# Dijkstra's Algorithm in Project Euler# 83: Path sum: four ways

The problem is from here:

The page at Wikipedia said:

1. Assign to every node a tentative distance value: set it to zero for our initial node and to infinity for all other nodes.
2. Set the initial node as current. Mark all other nodes unvisited. Create a set of all the unvisited nodes called the unvisited set.
3. For the current node, consider all of its unvisited neighbors and calculate their tentative distances.

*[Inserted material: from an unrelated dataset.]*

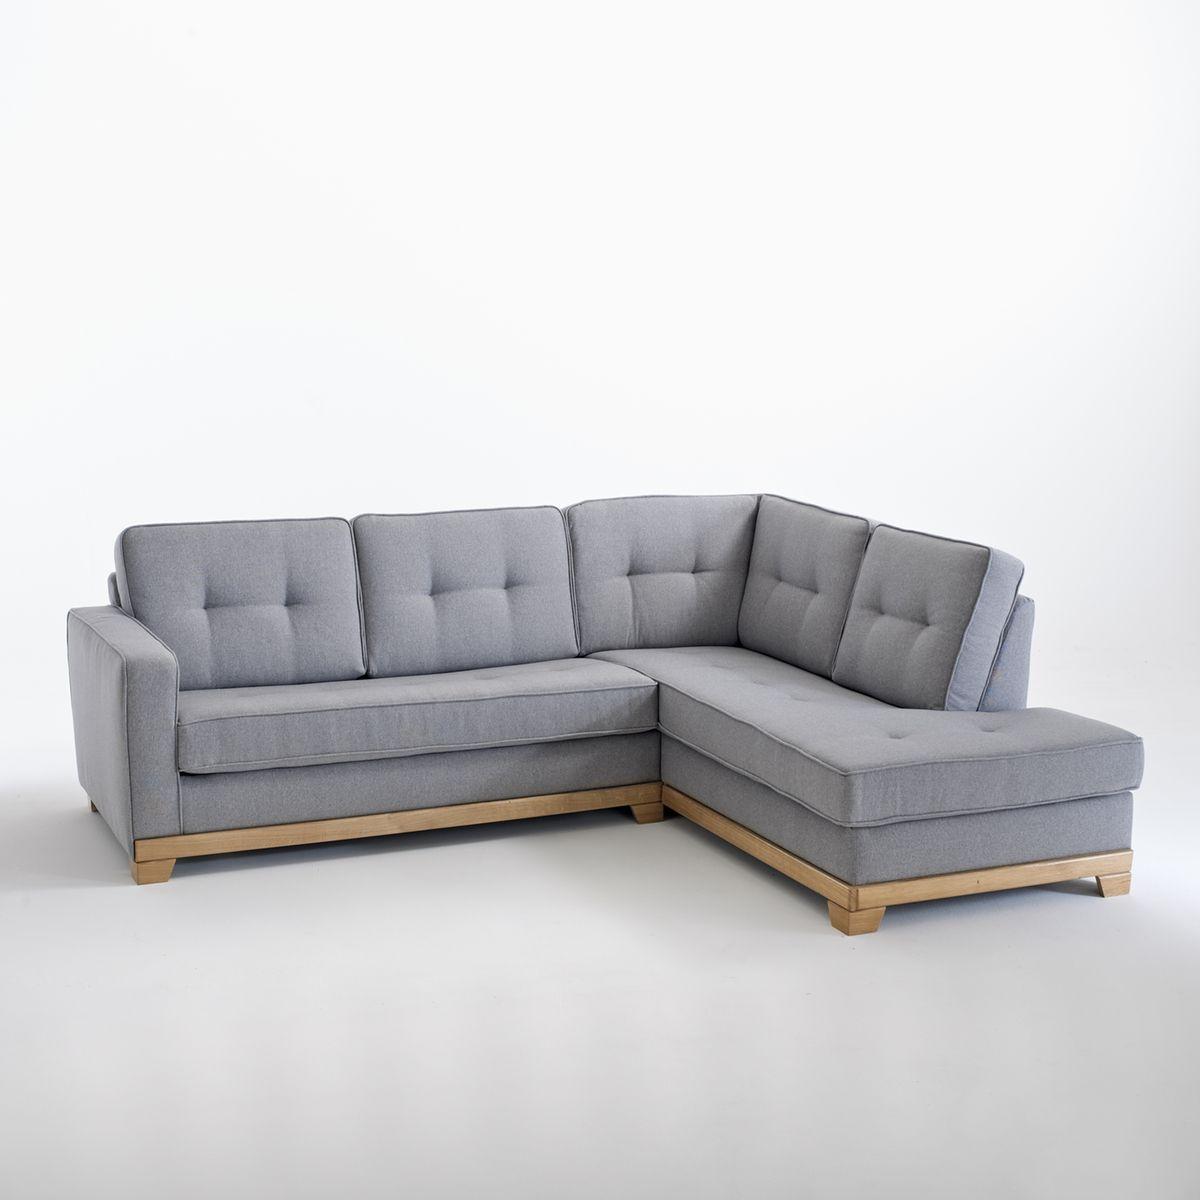 Canapé d'angle convertible chiné Excellence bultex

Compare the newly calculated tentative distance to the current assigned value and assign the smaller one. For example, if the current node A is marked with a distance of 6, and the edge connecting it with a neighbor B has length 2, then the distance to B (through A) will be 6 + 2 = 8. If B was previously marked with a distance greater than 8 then change it to 8. Otherwise, keep the current value.
4. When we are done considering all of the neighbors of the current node, mark the current node as visited and remove it from the unvisited set. A visited node will never be checked again.
5. If the destination node has been marked visited (when planning a route between two specific nodes) or if the smallest tentative distance among the nodes in the unvisited set is infinity (when planning a complete traversal; occurs when there is no connection between the initial node and remaining unvisited nodes), then stop. The algorithm has finished.
6. Otherwise, select the unvisited node that is marked with the smallest tentative distance, set it as the new "current node", and go back to step 3.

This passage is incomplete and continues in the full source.